To test the current prediction that SOR will be reduced by high-dose Vitamin-B6 supplementation, we recruited a general population sample of 300 participants and randomised them to receive 100 mg of Vitamin-B6 as pyridoxine, placebo or 1000 mg of Vitamin-B12, daily for 1 month. Vitamin-B12 was included because data were collected as part of a larger project with multiple outcome measures. Here, it acts as an additional control condition. To quantify SOR at baseline, and again at follow-up, participants completed the Sensory Processing 3-Dimensions Scale (SP-3D), which includes an SOR subscale. To focus our analysis on individuals who experience SOR, we analysed the effects of supplementation only on individuals with high baseline SOR scores falling at or above the 87th percentile. The SP-3D also includes subscales for several traits that often co-occur with SOR: SUR, SR, discrimination (SD) and motor control issues related to sensory processing—dyspraxia and postural disorder (PD). To test whether the effect of Vitamin-B6 was specific to SOR, we repeated our analysis procedure for these subscales, in each case selecting participants with high scores on the subscale at baseline.

Methods

Participants

The larger project, of which the data reported here are a subset, was conducted in six phases by successive cohorts of BSc and MSc students (phases 1–5) and a doctoral student (phase 6). Participants were recruited in exchange for course credit via adverts, word of mouth and social media. Participants in phase 6 only were paid £30 to complete the study. In this way, a total of 649 were randomised to receive either placebo tablets (198 participants), Vitamin-B6 (229 participants), or Vitamin-B12 (222 participants). To provide some flexibility in the scheduling of follow-up laboratory visits, the period of supplementation was allowed to vary between 30 and 40 days. While the experimental manipulation remained constant throughout the project, no single outcome measure was included in all phases of data collection: the SP-3D questionnaire data reported here were collected in phases 4–6, from a total of 300 participants (249 females, 51 males; aged 18–60 years, mean 25.8, median 21.8, SD 9.6). Of these, 81 were randomised to receive a placebo, 113 to Vitamin-B6 and 106 to Vitamin-B12. For more detailed information about the tablets used, the double-blinding methods and the full set of outcomes measured across the phases of the project, see Field et al. (2022), who report on this in detail for phases 1–5 (phase 6 procedures were identical to phase 5 procedures: 171 participants took part in phase 6). Note that phases 1–4 were conducted in person, while phases 5–6 were carried out online, which required posting supplements to participants. Data collected from participants who took part in phases 4 and 5 are reported both here and in Field et al. (2022), but the outcome measures reported are different: SP-3D questionnaire scores are only reported here.

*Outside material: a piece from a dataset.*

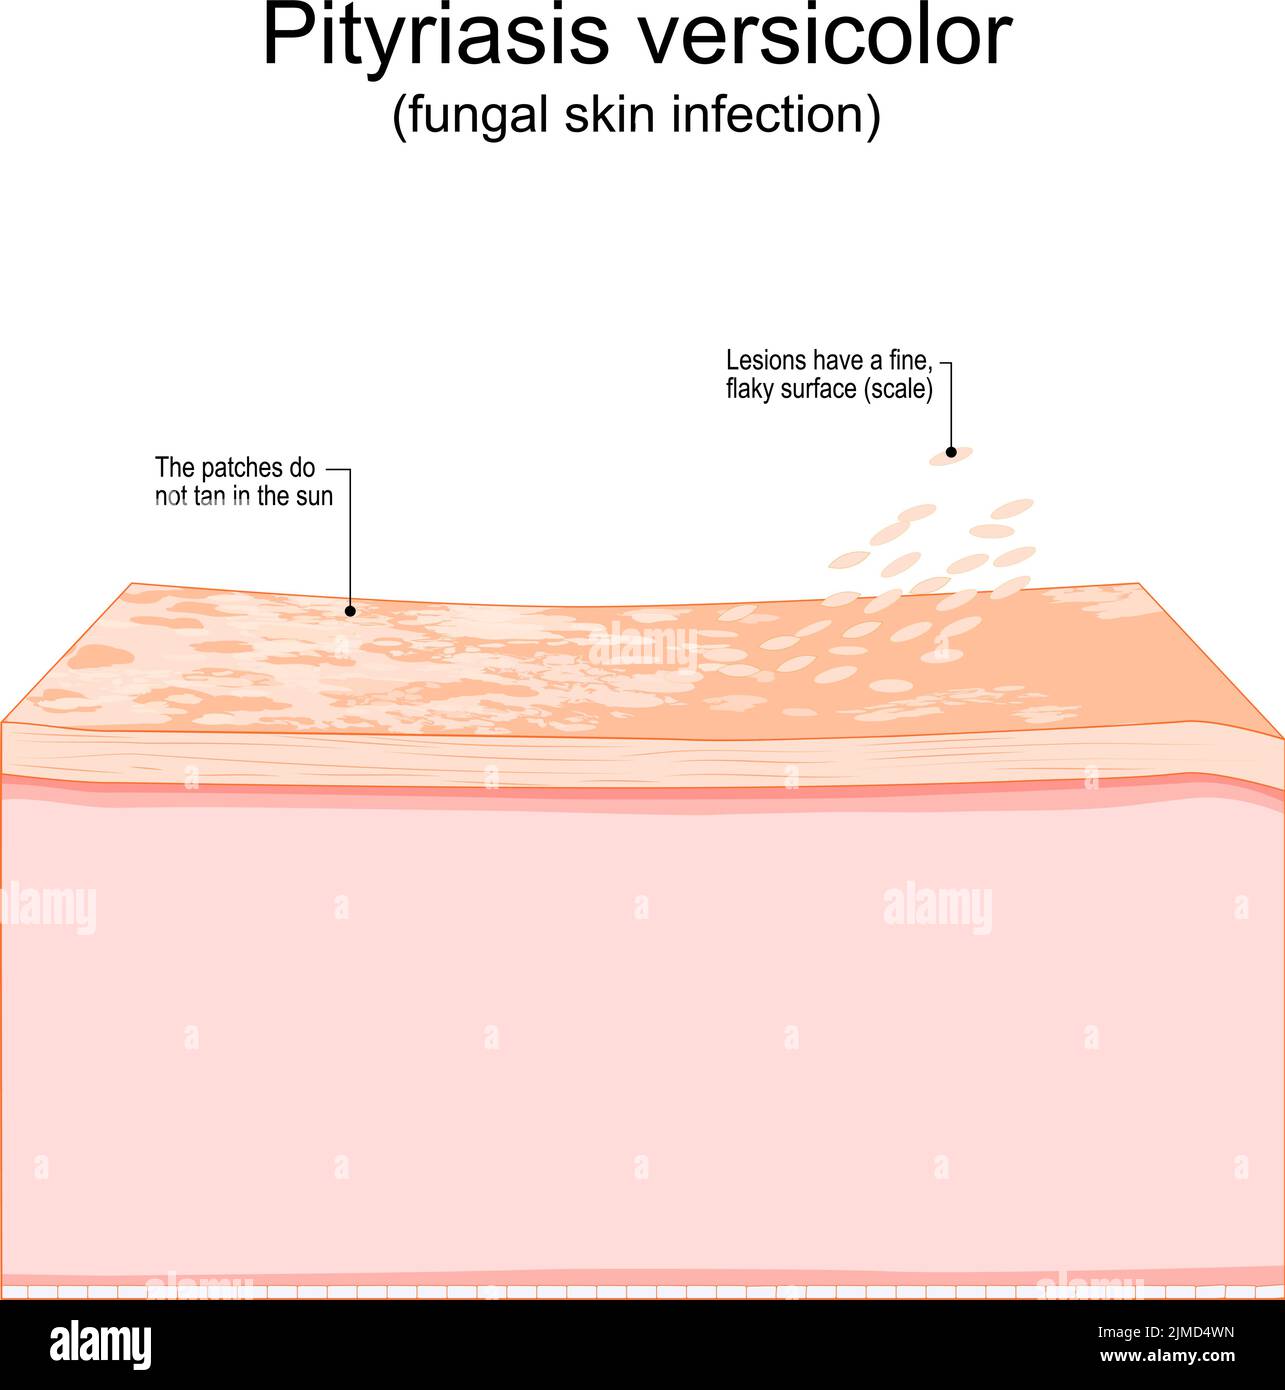 Pityriasis versicolor. Pilzinfektion der Haut. Querschnitt einer menschlichen Haut mit Flecken, die nicht in der Sonne bräunen und Läsionen, die eine feine haben Stock Vektor

To take part, participants had to confirm that they were not lactose intolerant, diabetic, epileptic or taking medications known to interfere with Vitamin-B absorption. They were also asked if they were taking supplements that contained Vitamin-B and were excluded unless they agreed to stop taking them for the duration of their participation in the study. The study was approved by the University of Reading Ethics Committee (2018-128-DF). Written informed consent was obtained from all participants, and an online tick box replaced the requirement for a signature in phases 5 and 6.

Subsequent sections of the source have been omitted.